Limitations of this study should be recognized. First, as noted previously (and in ), MDMA users tended to use more ‘other’ recreational drugs (licit and illicit) than controls, despite considerable efforts to match the two groups on this factor. The difficulty in matching subjects on this feature stems from the fact that MDMA users who met criteria for study inclusion (ie use on at least 25 separate occasions), as a rule, used a number of other recreational drugs as well. Therefore, the possibility remains open that ‘other drug’ use, alone or in interaction with MDMA, may play a role in SERT reductions noted in MDMA users. Second, even if MDMA subjects’ retrospective accounts of their drug use histories are fully accurate, it is impossible to verify whether drugs believed to be MDMA were pure, or whether they were adulterated with other drugs that may have influenced SERT binding. Finally, it is possible that reductions in SERT binding in MDMA users pre-existed MDMA use. Although subjects with neuropsychiatric diagnoses and conditions in which serotonin has been implicated were excluded from participation, it is possible that an unidentified condition that predisposes individuals to use recreational drugs played a role in SERT reductions in MDMA users.

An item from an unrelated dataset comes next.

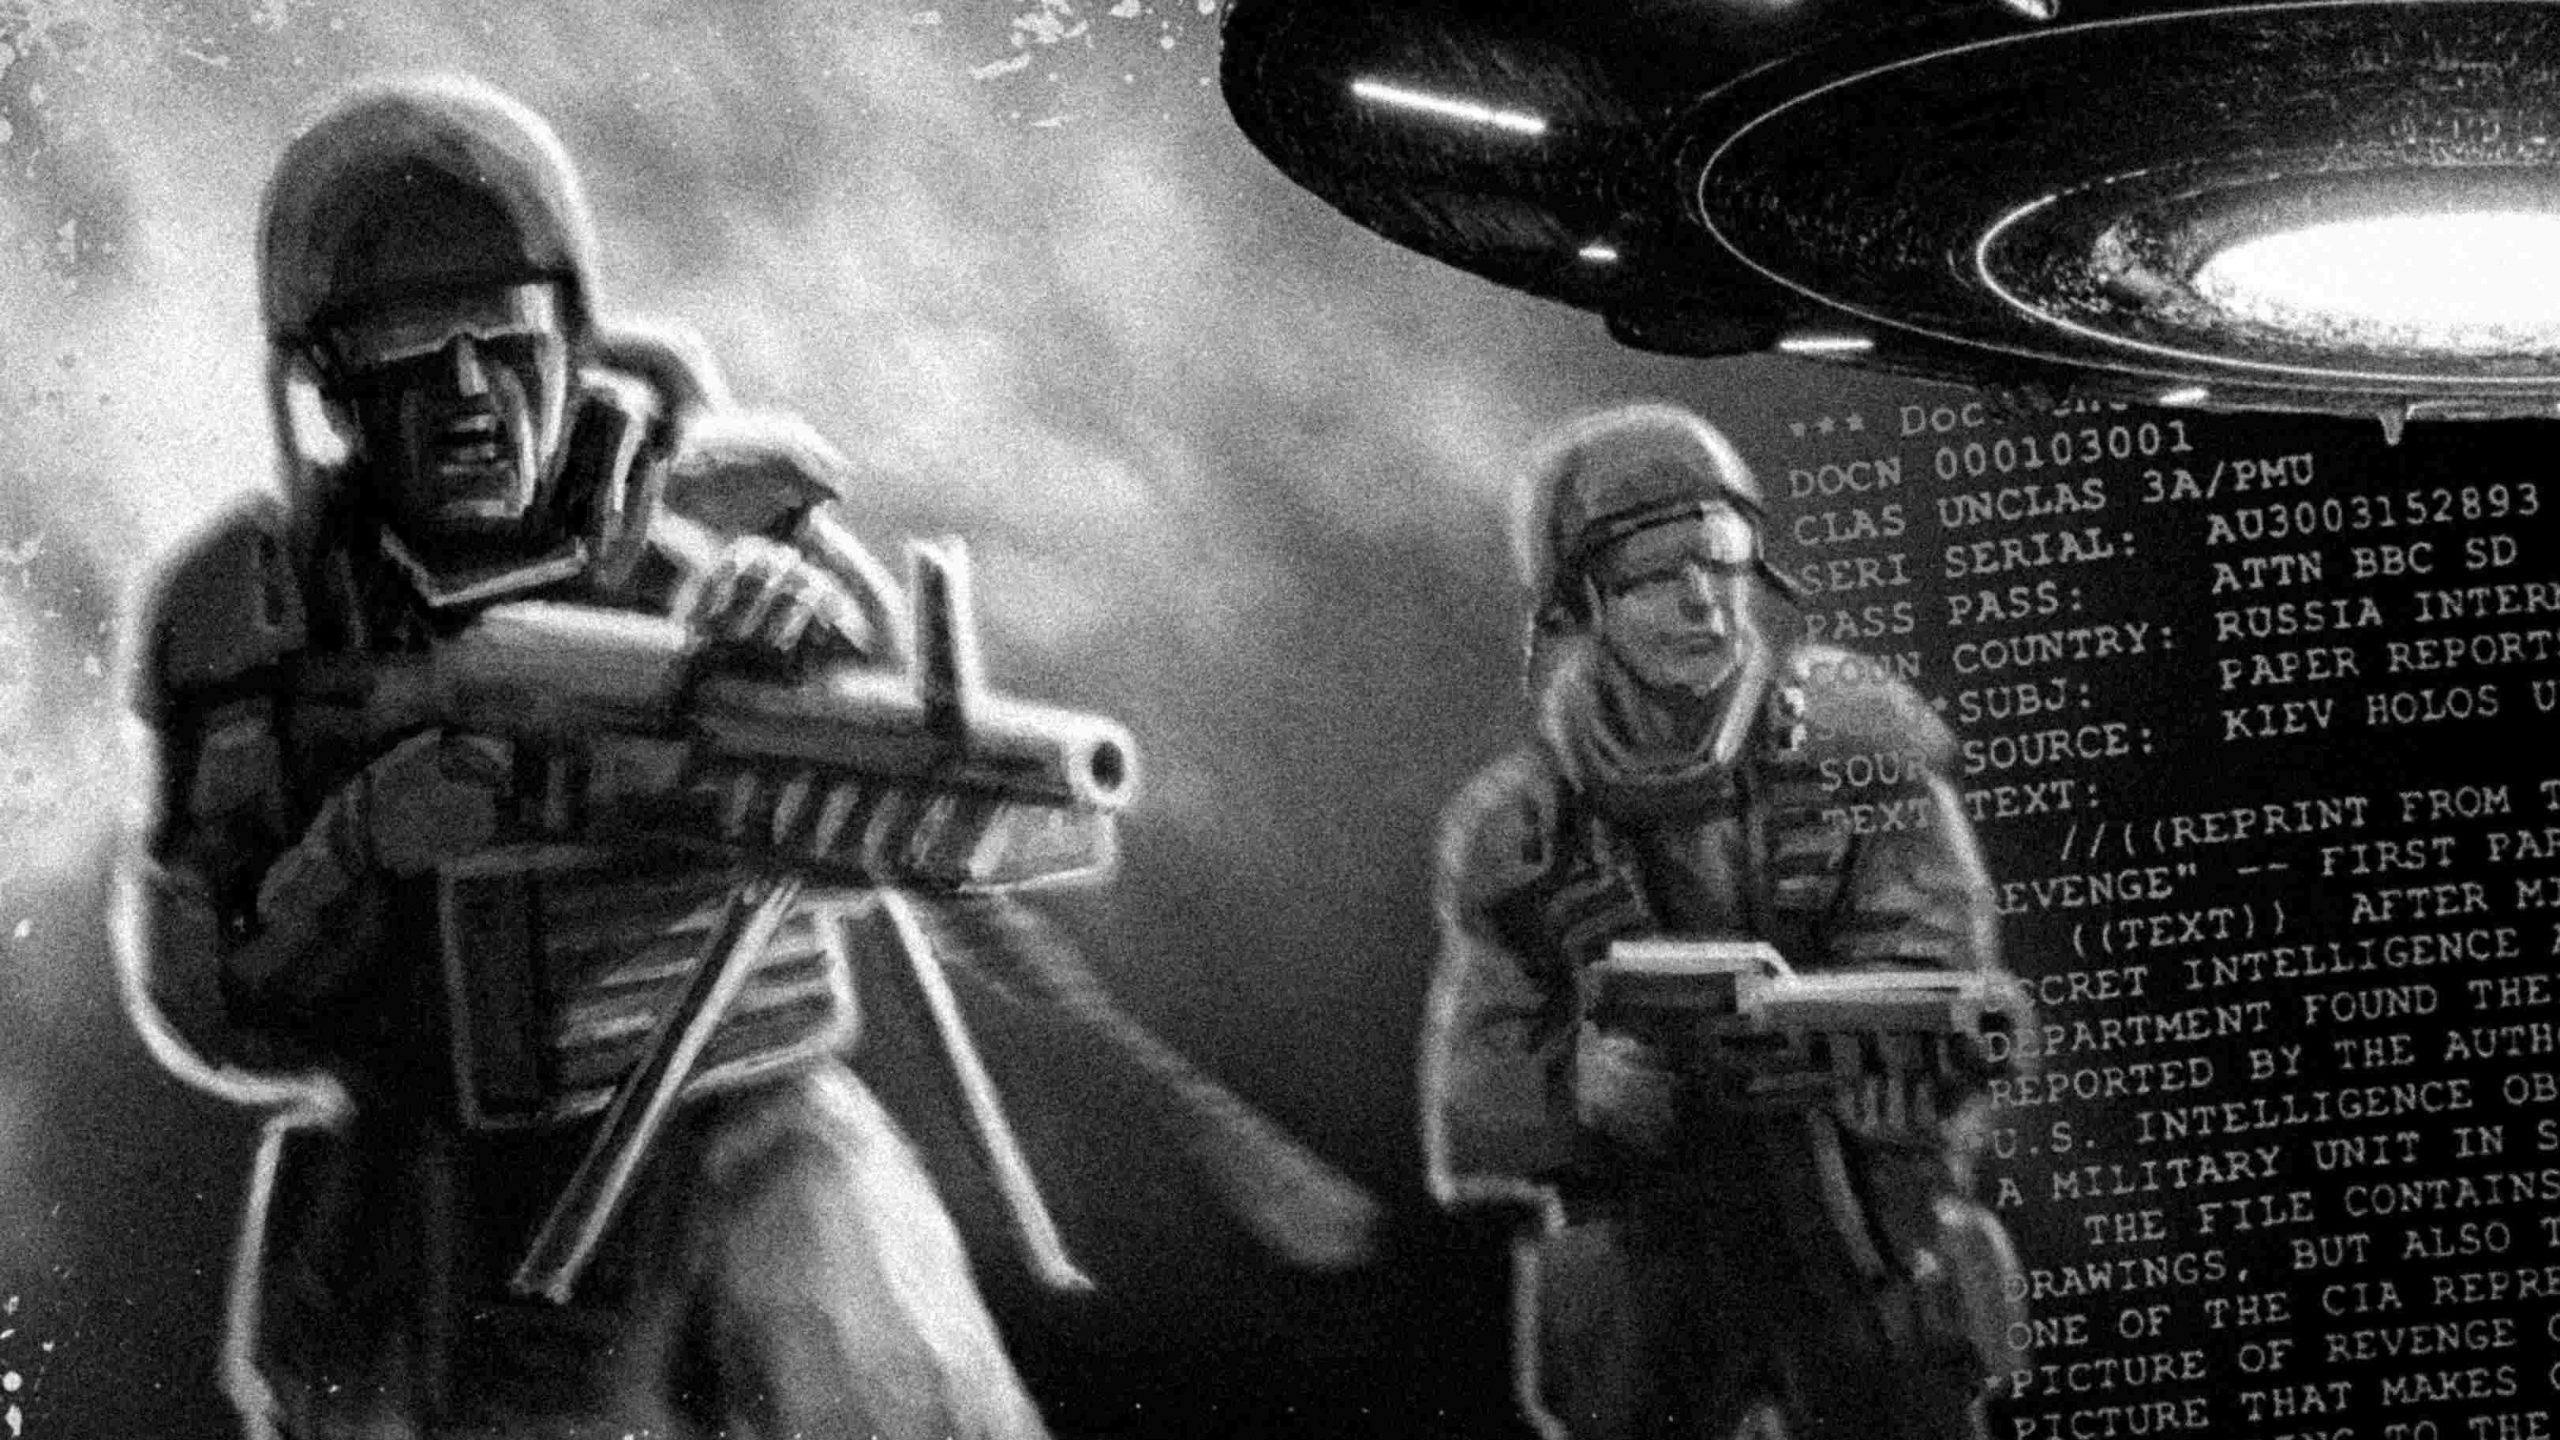 "23 Russian soldiers were turned to stone" after alien attack – CIA document revealed 1

In conclusion, quantitative PET results from the current study extend previous observations obtained with [11C]McN5652 to [11C]DASB. Together, studies with first-and second-generation SERT radiotracers in the same individual demonstrate that abstinent MDMA users have reductions in regional brain SERT. Notably, results obtained using two SERT radiotracers in the same subjects were highly consistent, using a variety of SERT-imaging parameters. Although both tracers were found to be capable of detecting MDMA-related reductions in regional brain SERT binding, results obtained using [11C]DASB were more robust. Future studies are needed to determine the lower limits at which PET is capable of detecting loss of the SERT, and whether individuals with lower exposure to MDMA also demonstrate losses of the brain SERT. In addition, studies aimed at determining the potential relationship between brain measures of the SERT and functional consequences of MDMA may be useful in elucidating the role of the serotonin system in normal brain function and in various neuropsychiatric disease states.